The business had been around for about 20 years and was financially successful.
They employed about 50 people and had an experienced executive team who had deep knowledge of manufacturing, optimising supply chains and running an operation that produced the same product in the same way, consistently.
Growth had been stagnant for years and their concern was that a rumour was flying around that far bigger international competitor was about to enter the local market, which would pose a significant challenge for them.
They needed a strategy to help them overcome the arrival of the competitor.
What was clear when talking to the team however, was that no matter what new ideas and interventions were proposed, they viewed those opportunities through the lens of being expert local furniture manufacturers working in their business category of choice, which was furniture manufacturing.
They were [furniture manufacturers] working in [furniture manufacturing].
Their culture and brand of thinking was defined by their manufacturing prowess. the relationship that they had with wood suppliers, the trucks that the ran to wholesalers. They were proudly product-focused and ideas that weren't in line with simply improving the existing product were viewed with scepticism.
Because of their entrenched culture and ways of seeing the world; the strategic options that were available to them were limited.
To help them open up their thinking I proposed a fun thought exercise.
I asked them to brainstorm some new product ideas, but I wanted them to pretend that they were Japanese toy designers who were tasked to come up with new products for a furniture manufacturer.
Now they were [Japanese toy designers] working in [furniture manufacturing].
They gave themselves permission to break free from the constraints of their usual mental maps and produced a flurry of new product ideas. It was a if the roadblocks that had been such a barrier up until that point had simply vanished in an instant.
The exercise was fun, but what it ultimately did was to prove to the team that they did actually have options available to them if they just elected to play around with the combination of an alternate mindset when combined with the category that they choose to define their business to be in.
In many instances you can see how unique combinations of culture + category have created outstanding innovations throughout the world.

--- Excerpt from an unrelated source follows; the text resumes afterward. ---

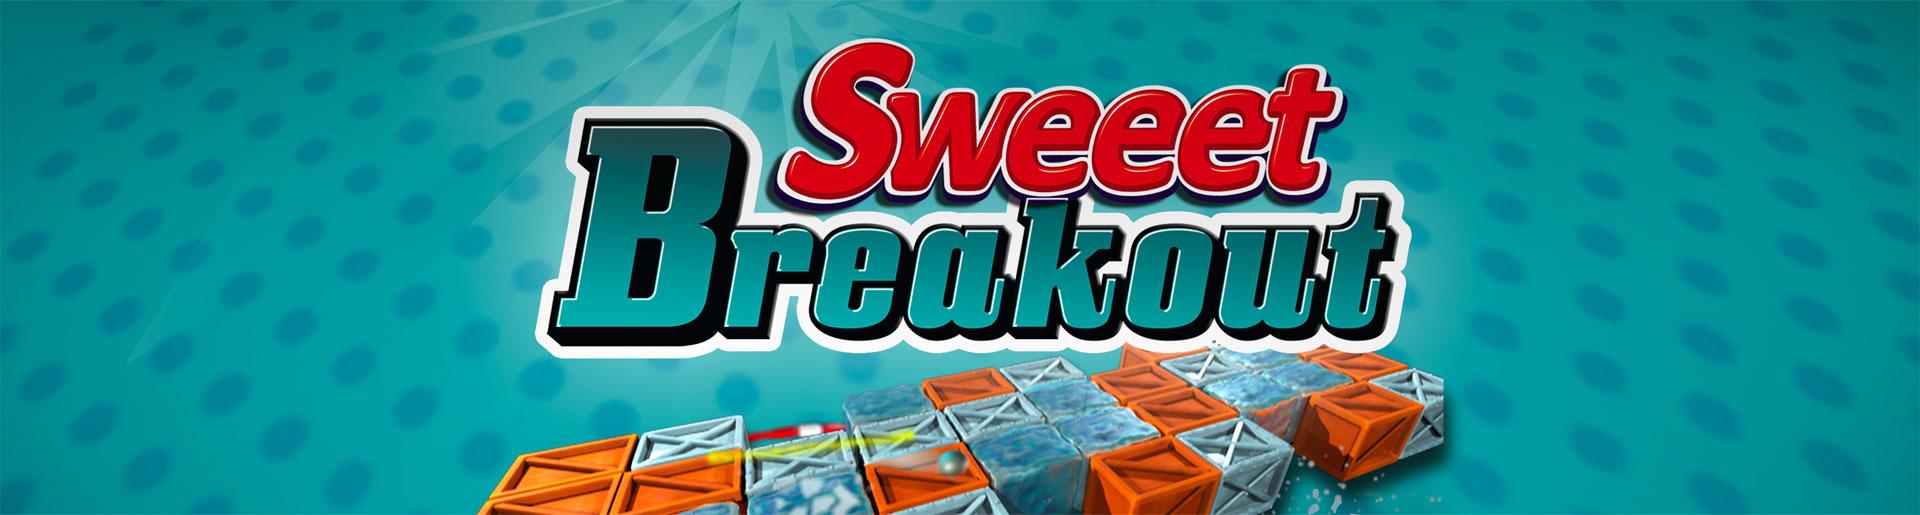 Sweeet Breakout

Jeff Bezos combined (customer-centric technology) + (selling books) to create Amazon, ShopriteX combined a (world-class technology) culture with a (supermarket) to create Sixty60. Apple combined (design) with (computers) to create one of the most innovative companies in the world.
A few weeks after the workshop the CEO gave me a call and said that what this simple exercise had also highlighted for him was why some of the projects that they had tried in the past had also failed. When he combined [furniture manufacturers] with [online furniture store] he realised that they at that stage didn't have the internal culture to be successful e-commerce players and shifting that would take time and deliberate intention.